Artículos de costumbre
La cuestión transparente
Mariano José de Larra
Voz: Paco Esquivias
Duración: 6 Minutos
Música: Tom Fahy (cc:by)
Audiolibro gratis
No ha dos días que un señor orador apellidó en el Estamento de Procuradores a la cuestión de los empleos «cuestión transparente», porque detrás de ella, por más que se quiera evitar, siempre se ven las personas. Nosotros pensamos lo mismo. Hay expresiones felices que nunca quedarán, en nuestro entender, bastante grabadas en la memoria. Cuánto sea el valor de estas expresiones, dichas en tiempo y lugar, no necesitamos inculcárselo al lector. Felices son por lo bien ocurridas, felices por el apropósito, y felices, en fin, porque hacen fortuna. Estas expresiones, de tal suerte dispuestas y colocadas, suelen ser el cachetero de las discusiones, la última mano, la razón, en fin, sin réplica ni respuesta. Después que un orador ha dicho en clara y distinta voz que el Pretendiente es un faccioso más, ya quisiera yo saber qué se le contesta. Cuando un orador suelta el «mal aconsejado», el «inoportuno», el «cimiento» y la «rama podrida», ya quisiera yo que me dijeran hasta qué punto puede llevarse la cuestión en cuestión; y si hay oradores, si hay epítetos y adjetivos, si hay expresiones felices, hay cuestiones que no lo son menos. Una cuestión, cuando es una simple cuestión, es una cuestión y nada más. Pero hay cuestiones de cuestiones. Las hay espesas y de suyo oscuras y enmarañadas, al trasluz de las cuales nada se ve; puédese escribir encima de ellas non plus ultra: nada hay más allá. Entre éstas pudiera muy bien clasificarse la de los derechos sociales. ¿Qué se ve al través de esta cuestión? Nada ciertamente: algún «visto», algún «veremos», o por mejor decir algún «no veremos». La de la libertad de imprenta. He aquí otra cuestión, oscura, negra como boca de lobo. Encima de ella ya se distinguen algunas prohibiciones, tal cual destierro; pero al trasluz, ¿qué se ve detrás? Absolutamente nada; como dice Guzmán en La pata de cabra, «sólo se ve que no se ve nada». La de la Milicia Urbana: he aquí una señora cuestión; ésta es más tupida que una manta. ¿Qué se ve detrás? Es todo lo más si confusamente se divisa por encima un reglamento, que se las puede apostar en enmiendas y fe de erratas al mismo diccionario geográfico. Es todo lo más si en la superficie se distinguen algunos miles de hombres sin fusiles, y multitud de fusiles sin hombres.
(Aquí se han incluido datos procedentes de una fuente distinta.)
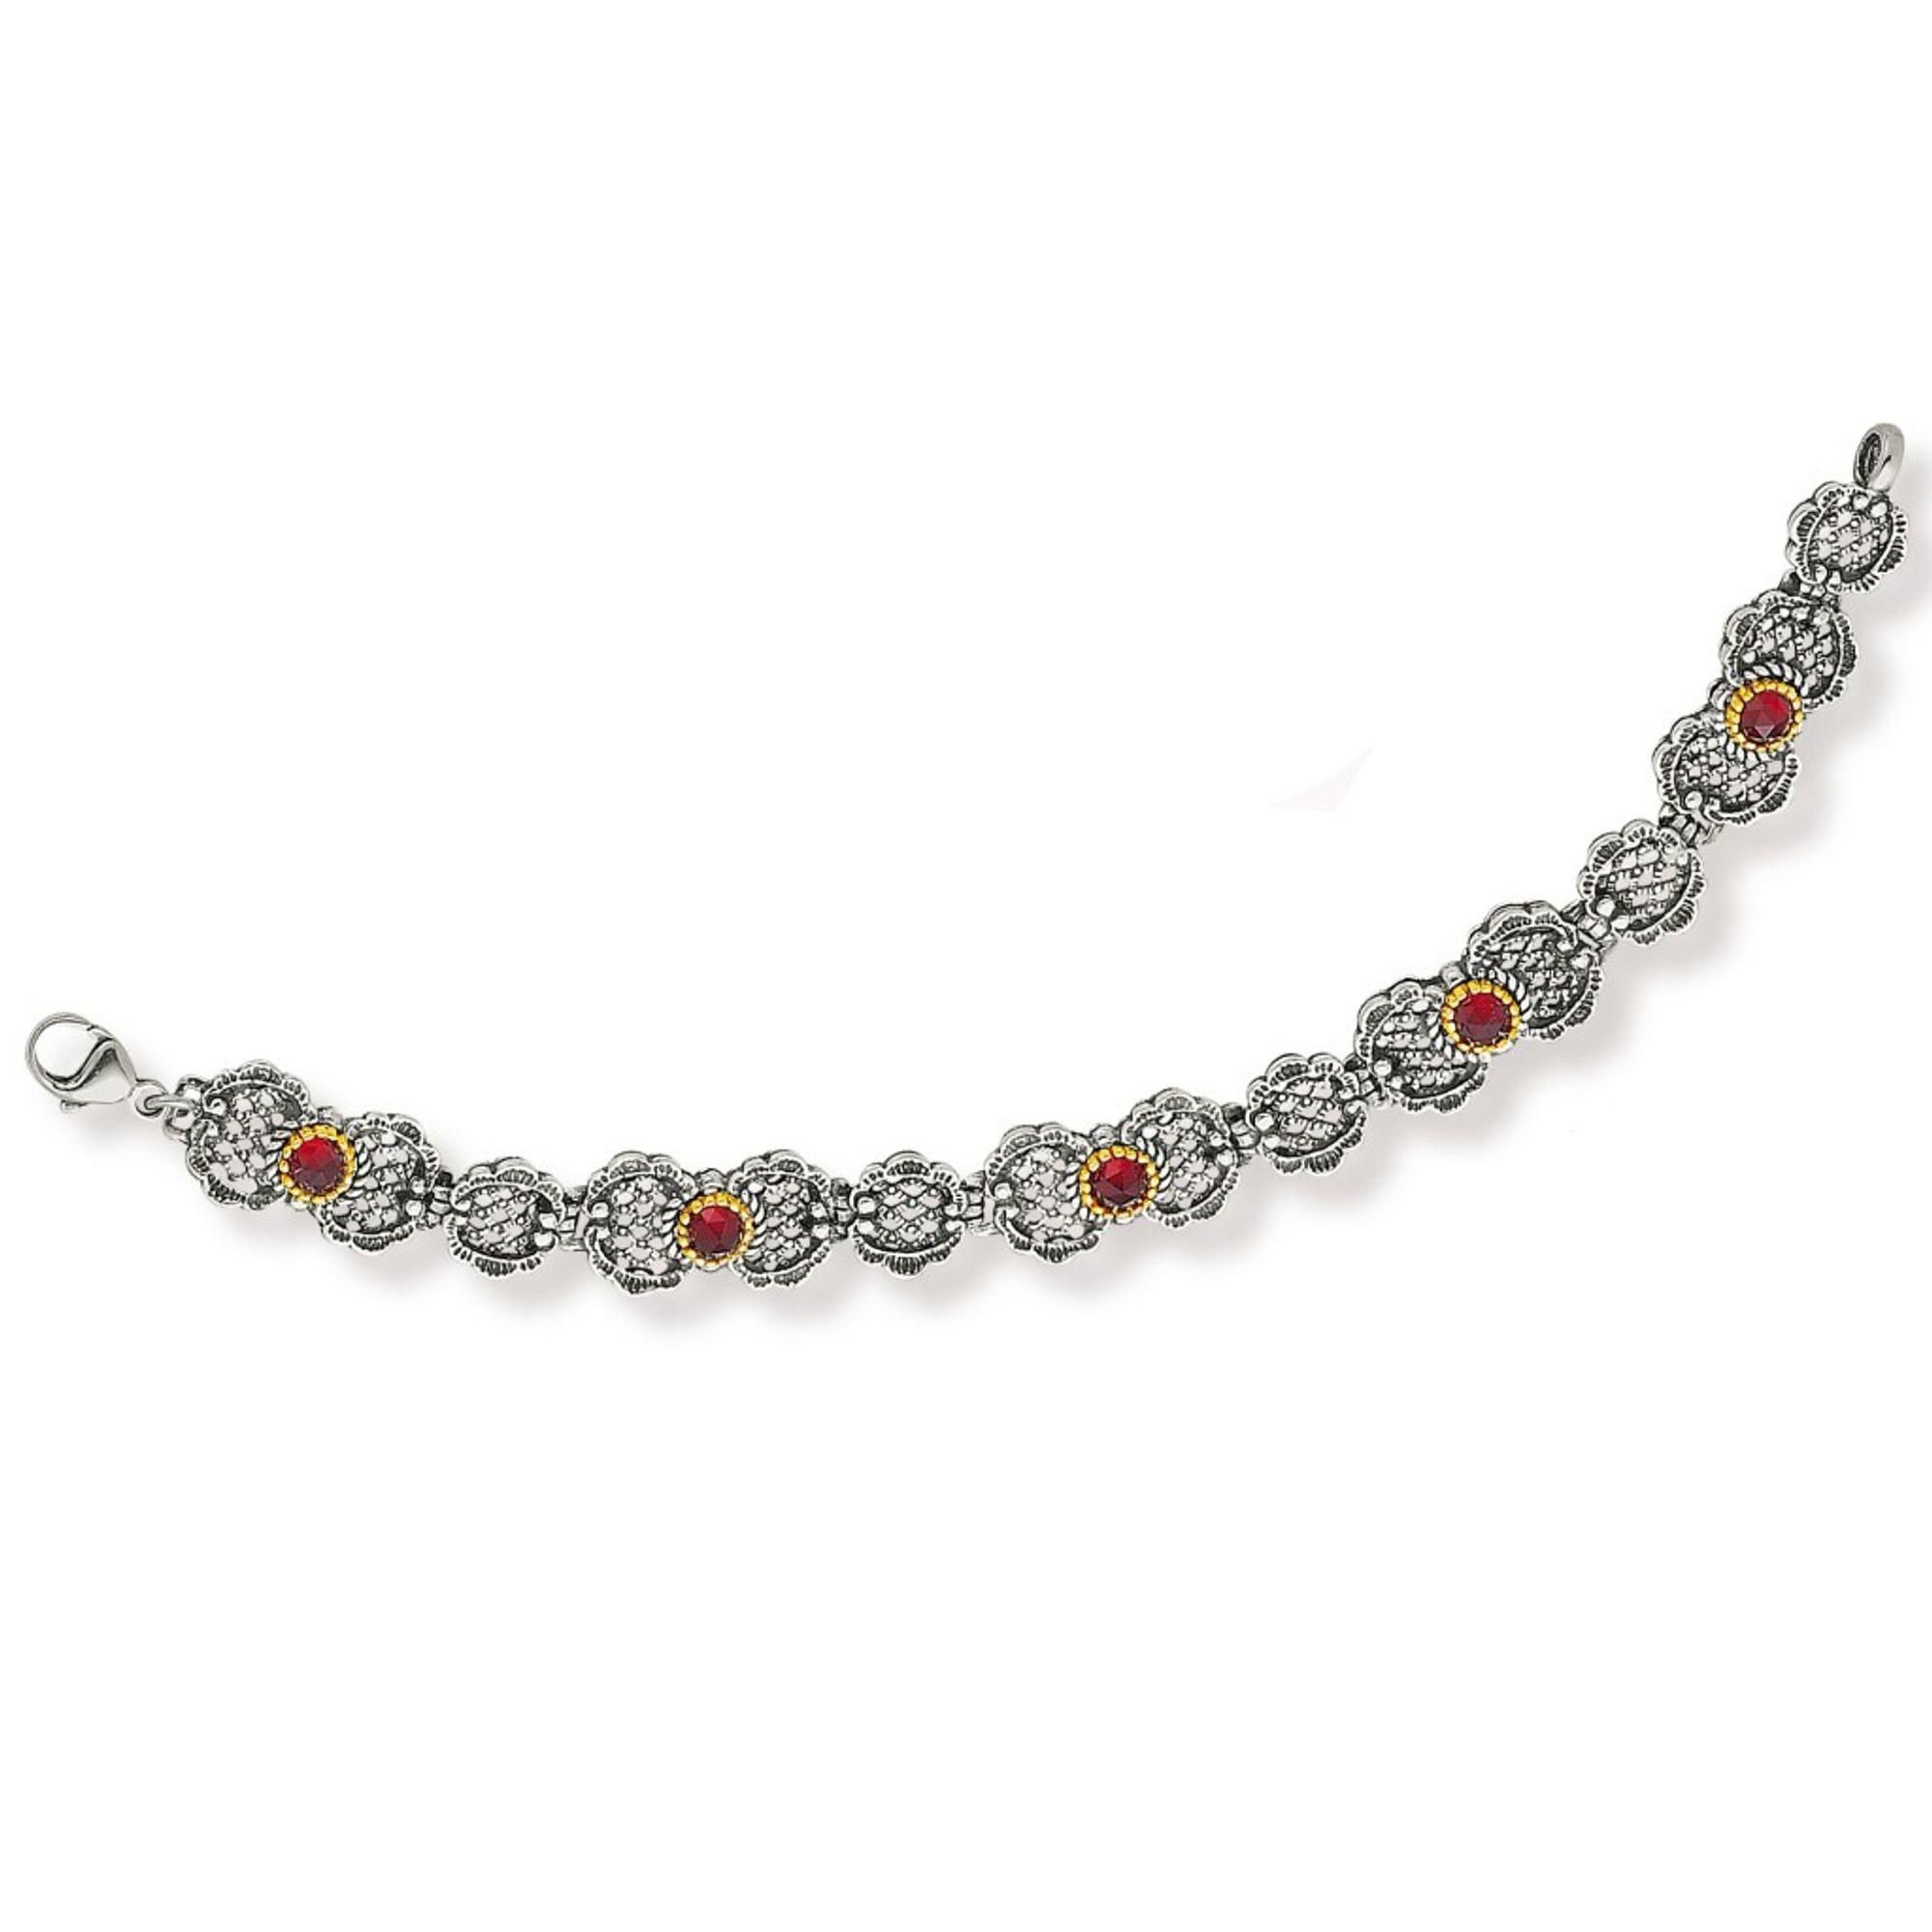 Tom Hill 41.9012 Damen Armband Silber bicolor Granat rot 18 cm

Pero al trasluz nada. Semejante al retablo de maese Pedro, las pocas figuras que hay, todas están delante. Detrás ni aun Ginesillo de Parapilla y Pasamonte, que las mueve, se distingue.
Estas cuestiones, pues, oscuras y tupidas, no valen nada. Las grandes cuestiones son las transparentes. La de los empleos, por ejemplo: he aquí una cuestión de pura gasa. Aquí es donde se ve claro: detrás de ella no se necesita lente para echar de ver los empleos, y no tamaños como avellanas; el más pequeño aparece a guisa de prodigio microscópico, más grande que nuestra misma libertad, y en punto a tamaños no hay más que ponderar; pues aun se ve más, porque detrás del empleo se ve a lo lejos (un poco más en pequeño, es verdad) al hombre, pero se ve. ¡Qué no se divisa detrás de ciertos empleos, y no a ojos vistas precisamente, sino aun a cierra ojos! Se ven los empleados de los diez años; verdad es que apenas se ven los de los tres; pero, en fin, se ve; en una palabra, se ve que se ve algo; se ve que se verá más; y se verá, digámoslo de una vez, lo que siempre se ha visto; los compromisos, los amigos, los parientes… es el gran punto de vista: todo se ve. ¡Fatalidad de las cosas humanas! En las otras cuestiones anhelaríamos la transparencia. Y en ésta, en que se ve, nos hallamos precisados a exclamar: «¡Ojalá no se viera!».